In brief: Hanks to star in Da Vinci Code

Plus: studios fight to sign Usher, Damon to step in as Good Shepherd, gangster remake finds director, Potter wins kids' Baftas, and Madonna plans adaptation of her novel
  
  


It's official: Tom Hanks will play academic Robert Langdon in the film adaptation of The Da Vinci Code, Dan Brown's bestselling novel. Ron Howard, with whom Hanks worked on Apollo 13, will direct. Production will begin next year, with a planned release for May 2006. So far, no word on who will play Sophie Neveu, Langdon's sidekick.

R&B star Usher is set to star in drama Dying for Dolly, as a mafia boss's right-hand man - but he could choose instead to work on Step in the Name of Love, described as an urban Saturday Night Fever. Variety reports that two studios are fighting over the singer for these projects. It would not be the first time Usher turned his hand to acting: he starred in romantic comedy She's All That five years ago and horror flick The Faculty in 1998.

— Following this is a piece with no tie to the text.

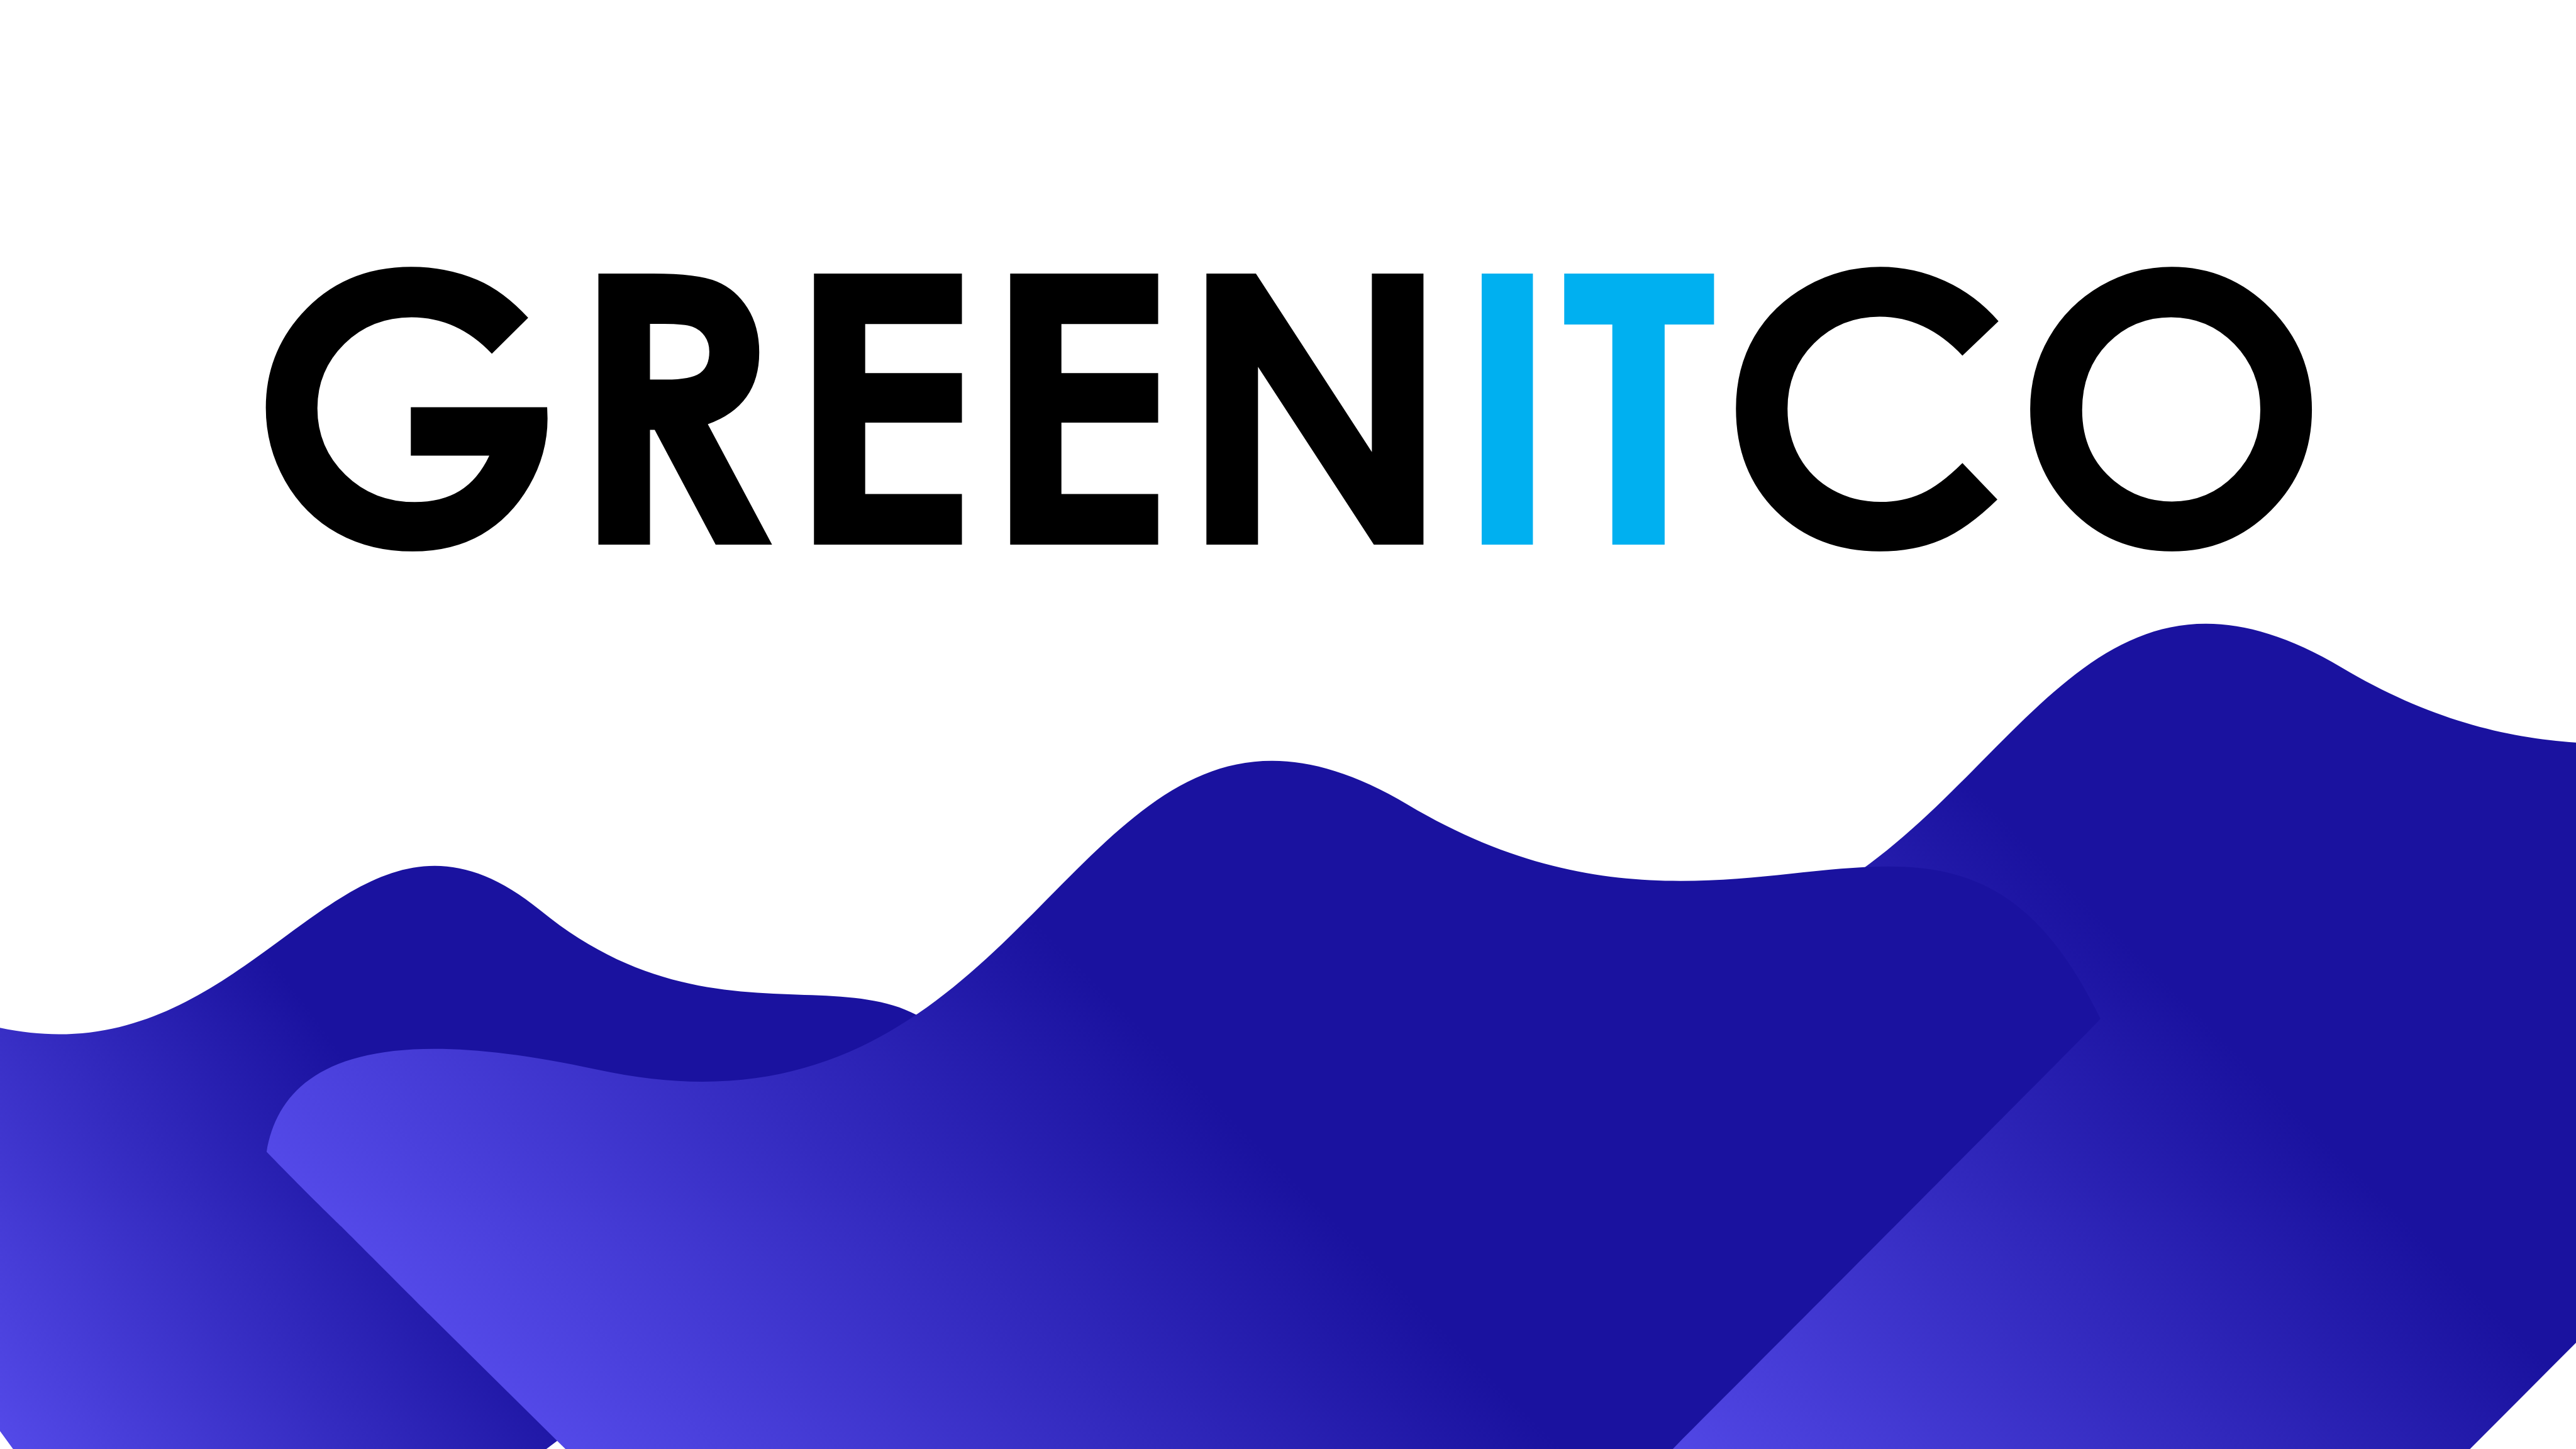 About Greenitco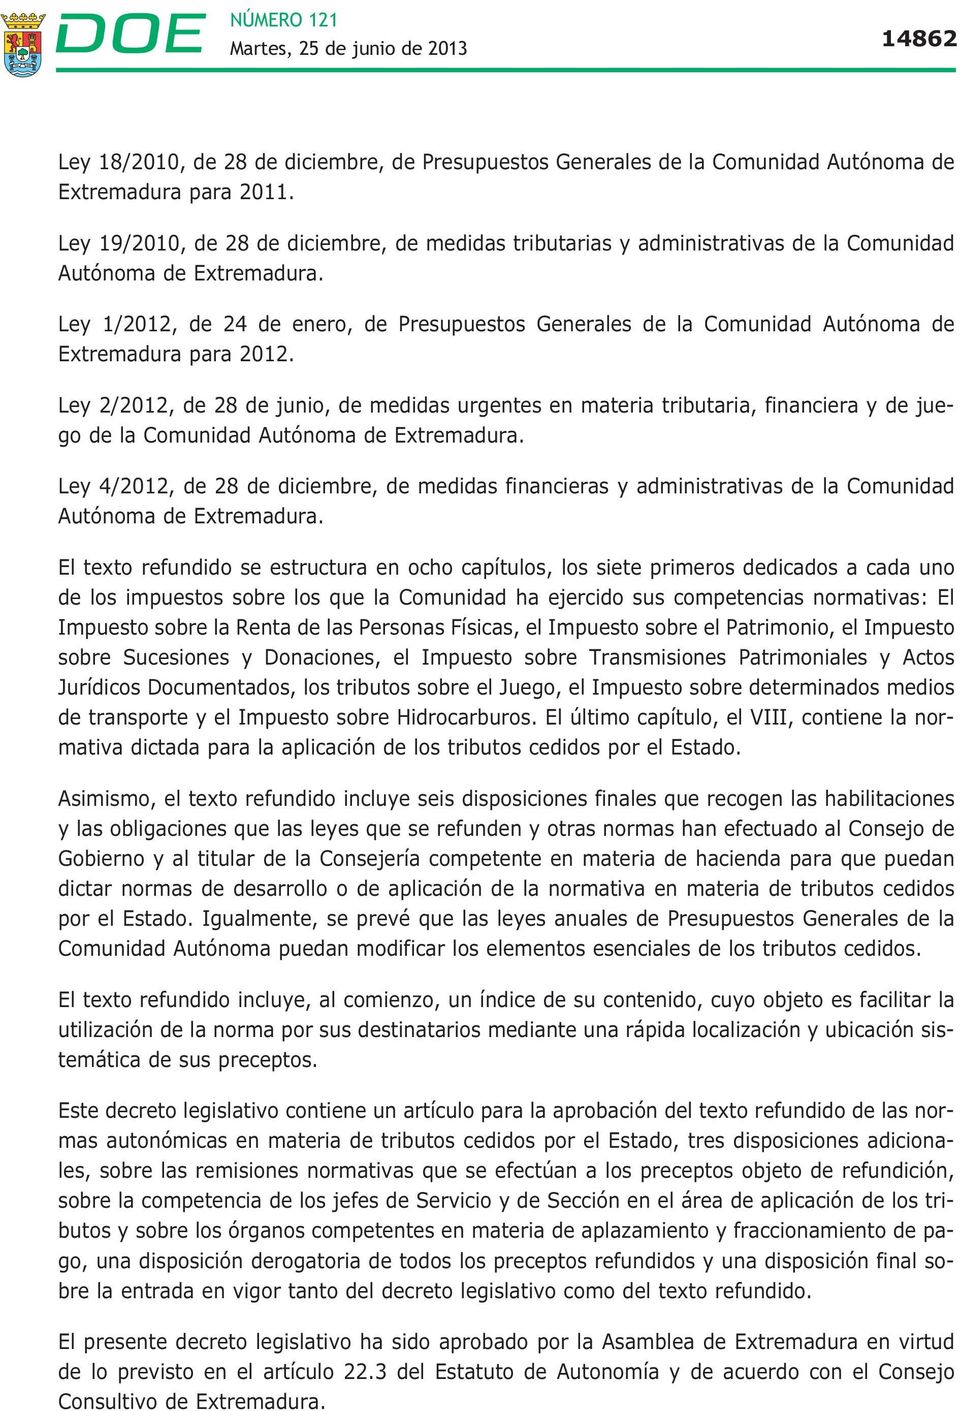 Ley 1/2012, de 24 de enero, de Presupuestos Generales de la Comunidad Autónoma de Extremadura para 2012.

Matt Damon is in talks to star in The Good Shepherd, about the life of a CIA agent. If he agrees, he would be replacing Leonardo DiCaprio who was first set to play the lead. Robert De Niro will co-star, direct and produce. Filming is scheduled to start next March.

Mira Nair is to direct Gangster MD - a remake of the 2003 Bollywood hit, Munna Bhai MB BS. The plot involves a small-time gangster who pretends to his mother that he is a doctor. When she founds out his true "profession", he decides to become a real doctor. The film will be penned by Jason Filardi, who wrote Bringing Down the House.

Harry Potter And The Prisoner Of Azkaban won the best feature film award at the Children's Baftas in London last night, while Shrek 2 won the Kid's Vote. They both beat Finding Nemo and The Lord of the Rings: The Return of the King.

And finally, film lovers beware: Madonna is reportedly planning to adapt her novel The English Rose to the silver screen - and she has apparently enlisted husband Guy Ritchie to help write the script. The Sun reports that she will direct the film and that production is planned for next summer. Their previous credits together include the awful Swept Away.